The motto of Japan’s highest-selling manga magazine, Weekly Shounen Jump, can translate to “Friendship! Endeavour! Success!”. The “Endeavour” element of the motto – and perhaps “Success” too – certainly lend themselves to a growth mode in anime – and boy, do the Jump series show it! One Piece, Naruto and Bleach – sometimes referred to the Big Three series of today – were all serialised as manga in Jump before becoming anime, as was Gin Tama and Dragon Ball. This motto was created after asking readers what the three most important things were in life – so it’s easy to link this aspect of growth in anime to Japanese culture.

But beyond Jump‘s motto, there is more evidence of a growth mode evolving from Japanese culture. The most obvious example is Japan’s spectacular economic growth after World War II, when Japanese goods became known worldwide as superior, and the economy became one of the world’s largest. The 1964 Tokyo Olympic Games is often referred to as a coming-of-age point in the history of modern Japan; that it had rebuilt successfully after the ravages of war and was part of the world stage again. Even after that, Japan held high economic esteem for decades, although the economic troubles starting in the 1980s reduced that somewhat.

Some argue that the medieval period during which Japan closed its border to foreigners created a boom growth in unique Japanese cultural elements, such as kabuki theatre and the geisha tradition. Even after its borders were opened again in 1854, the Edo period heralded a new age and immense growth and modernisation. Perhaps the mode of growth could extend to regrowth, considering Japan’s history of rebuilding from natural disasters like the 1923 Great Kanto Earthquake and the 2011 Great East Japan Earthquake. It would seem that perhaps the growth mode we see in Japanese culture is often tied to the apocalypse mode. But that is fine. After all, as I wrote in my essay, apocalypse, festival and elegy were often tied together. I feel that elegy and growth also link together, particularly nostalgia, while festival is linked to growth in celebrations like the 1964 Tokyo Olympic Games.

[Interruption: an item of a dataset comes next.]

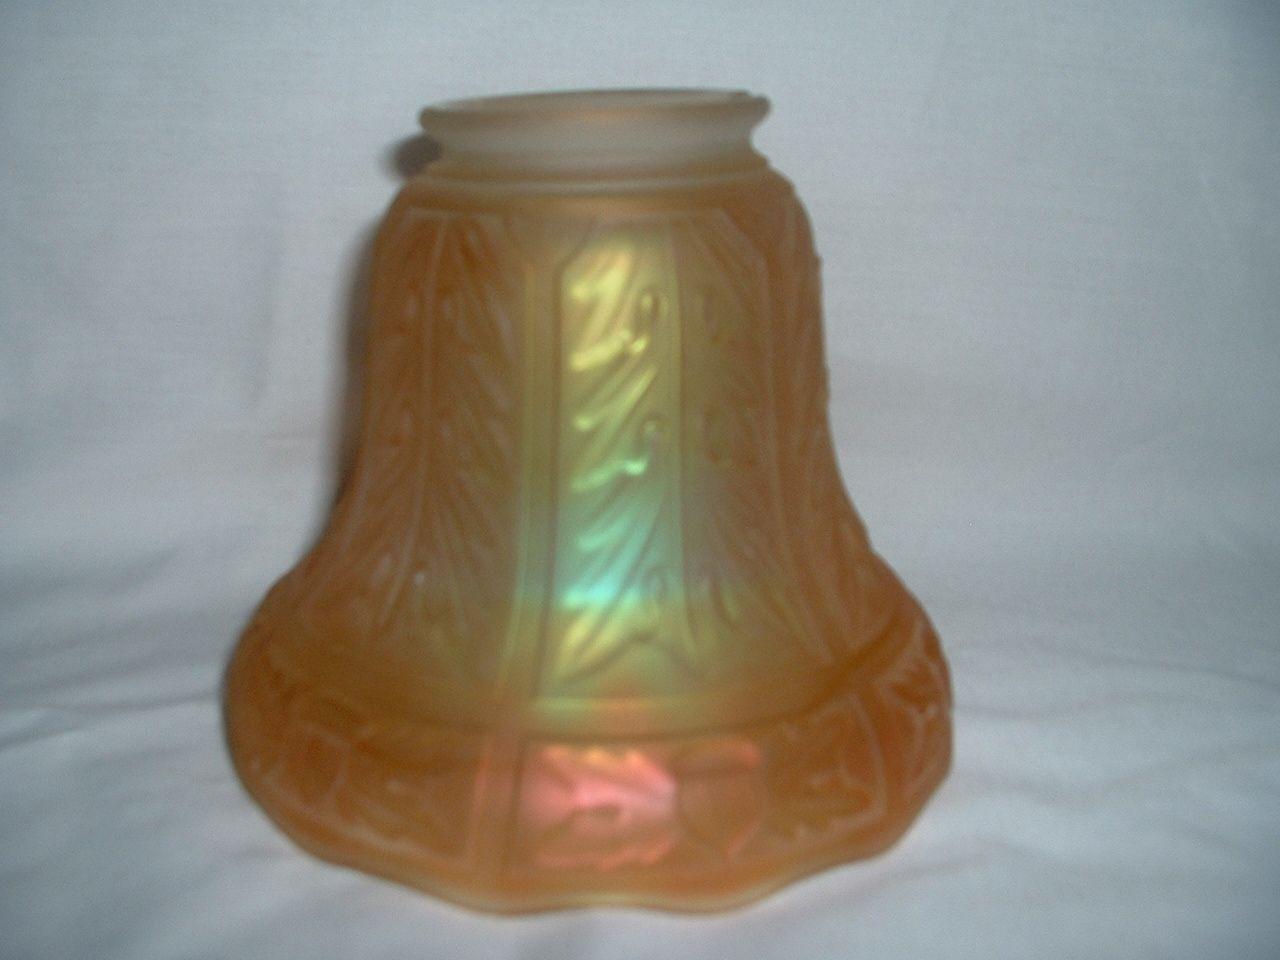 Antique glassware vintage glass shades vintage replacement glass antique glassware vintage glass shades vintage replacement glass lamp shades for your aloadofball Gallery

These examples of growth in Japan’s history are all off the top of my head (and not referenced!), so it can’t be considered as well-researched as Napier’s explanation of apocalypse, elegy and festival and their roots in Japanese culture, but I don’t believe it would be hard to make an argument for growth as a fourth “most significant” mode in anime and point out its influences. Furthermore, the addition of this fourth mode would cover some of the most significant anime series that didn’t fit before, like Dragon Ball and One Piece, as well as entire genres like educational or coming-of-age.

Plus, it would’ve made my essay much easier to write!